Notes

Here are some (highly) useful links: video, repo, NeurIPS

Highlights

The objective of this paper is to learn a distribution of segmentations from an input.
The main innovation concerns the design of a generative segmentation model based on the combination of a U-Net with a conditional VAE.
The proposed framework is also capable of learning hypotheses that have a low probability and predicting them with the corresponding frequency.

Method

Architecture

The architecture is based on the conditional VAE whose details are provided in the following tutorial.
The innovation comes from the use of a U-Net architecture to model the distribution \(p(y \vert x,z)\).
The latent vector \(z\) is first broadcast to produce a \(N\)-channel feature map with the same spatial dimensions as the segmentation map. This feature map is then concatenated with the last activation map of a U-Net before being convolved by a last layer to produce the final segmentation map with the desired number of classes.

The image below provides an overview of the architecture deployed during training. The distributions \(p(z \vert x,y)\), \(p(z \vert x)\) and \(p(y \vert x,z)\) displayed in blue are modeled by three distinct neural networks.

The following image illustrates the use of the architecture during inference.

Implementation details

The dimensions of the latent space has been experimentally fixed at \(M=6\) and is kept fixed in all experiments.
The difference between the predicted segmentation and the ground truth is optimized using a Cross Entropy loss.
The training is done from scratch with randomly initialized weights
When drawing \(m\) samples for the same input image, the output of the prior network and the feature activations of the U-Net can be reused without the need for recomputation, making the overall strategy computationally efficient.

Performance measures

The performance of the methods was evaluated by comparing distributions of segmentations.
This was done through the computation of generalized energy distance whose expression is given below:

\[D^2_{GED}(P_{gt},P_{out}) = 2 \, \mathbb{E} \left[d\left(\hat{y},y\right) \right] - \mathbb{E} \left[d\left(\hat{y},\hat{y}'\right) \right] - \mathbb{E} \left[d\left(y,y'\right) \right]\]
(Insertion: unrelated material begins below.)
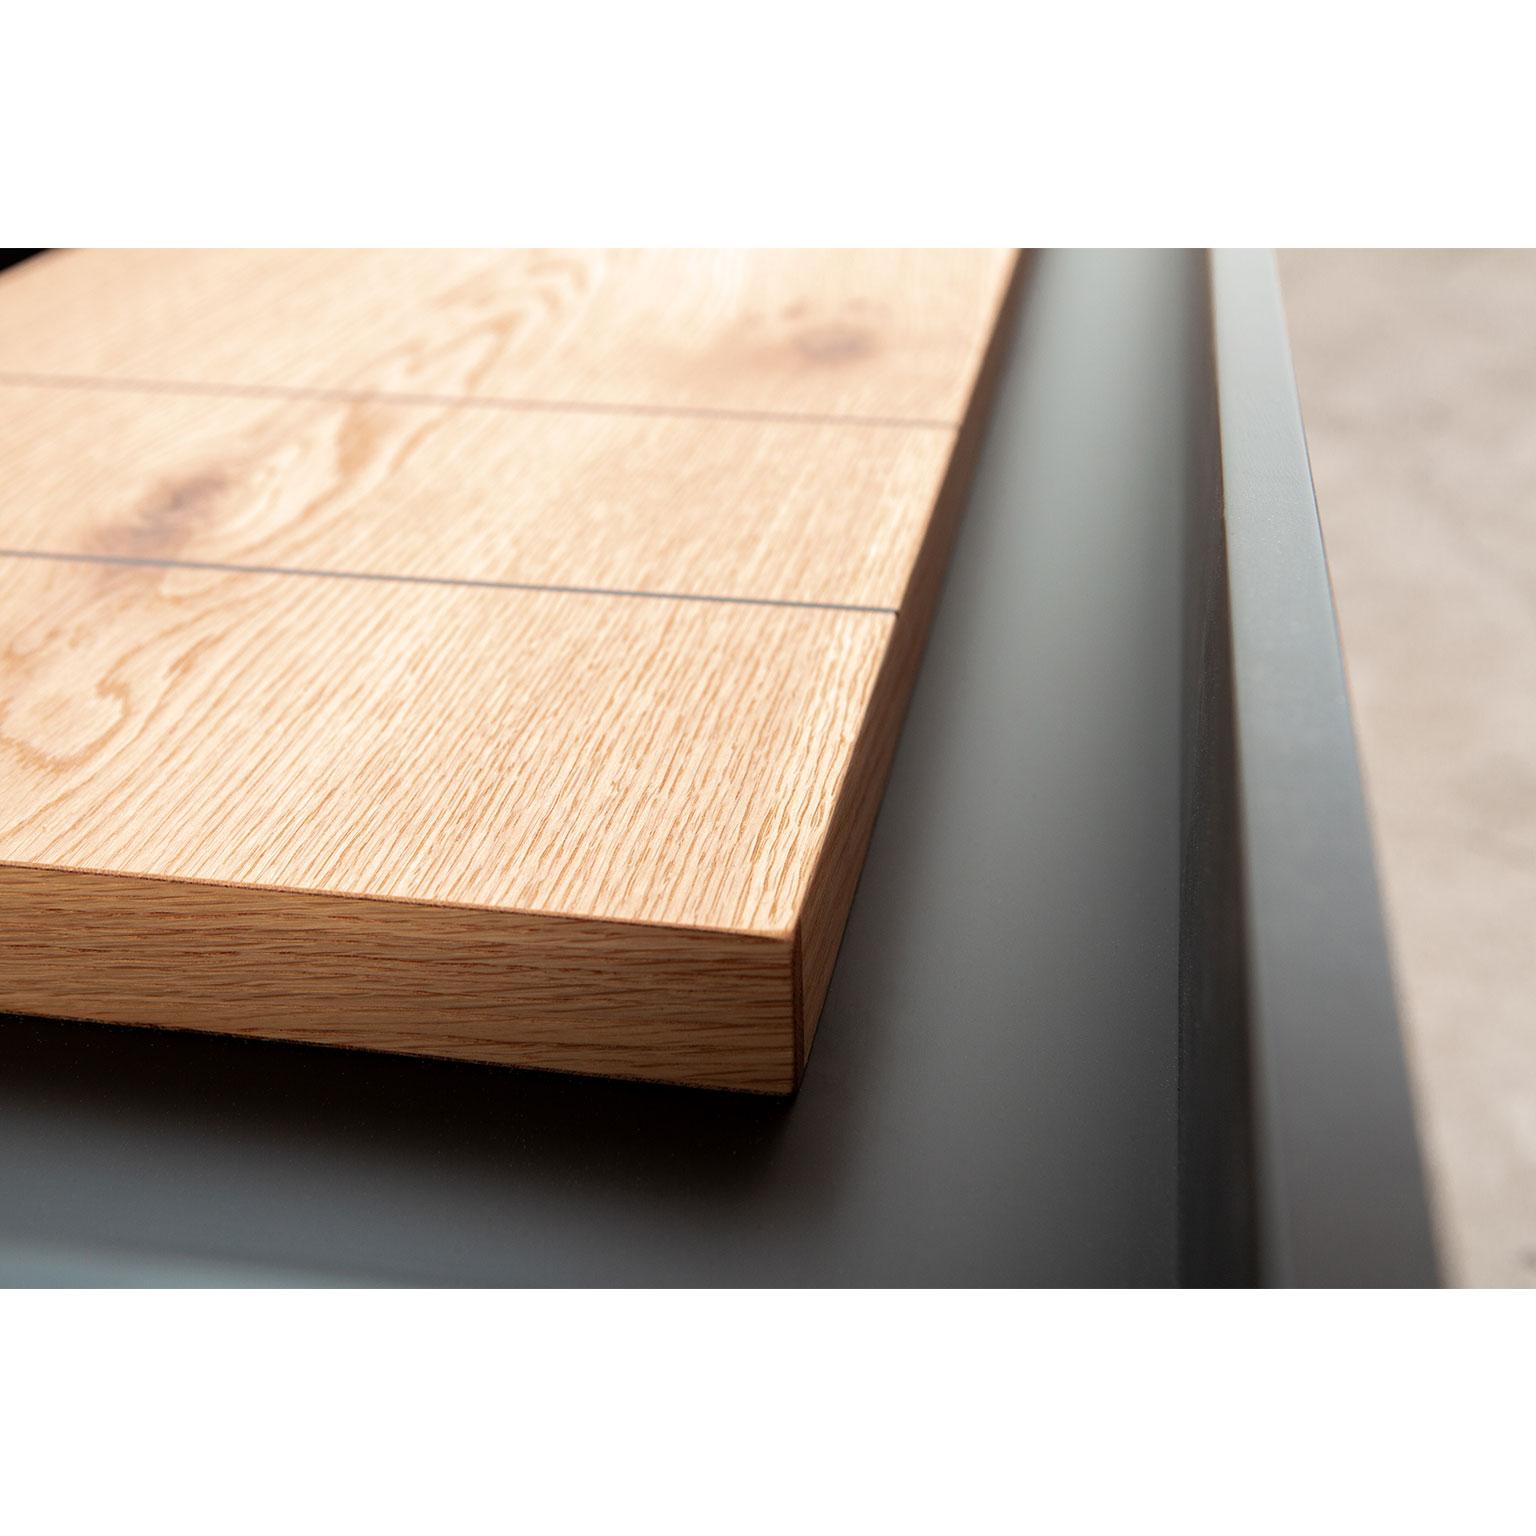 shuffleboard table design

\(d\) is a distance measure, \(y\) and \(y'\) are independent samples from the ground truth distribution \(P_{gt}\), \(\hat{y}\) and \(\hat{y}'\) are independent samples from the predicted distribution \(P_{out}\).
The distance measure is based on the \(IoU\) metric and is defined as follows: \(d(x,y)=1-IoU(x,y)\).

Results

LIDC-IDRI dataset

1010 2D+slices CT scan of lungs with lesions
For each scan, 4 radiologists (from a total of 12) provided annotation masks for lesions that they independently detected
the CT scans were resampled to \(0.5 \, \text{mm} \times 0.5 \, \text{mm}\) in-plane resolution and cropped 2D images (\(180 \times 180\) pixels) centered at the lesion positions.
This resulted in \(8882\) images in the training set, \(1996\) images in the validations set and \(1992\) images in the test set.
Because the experts can disagree, up to 3 masks per image can be empty.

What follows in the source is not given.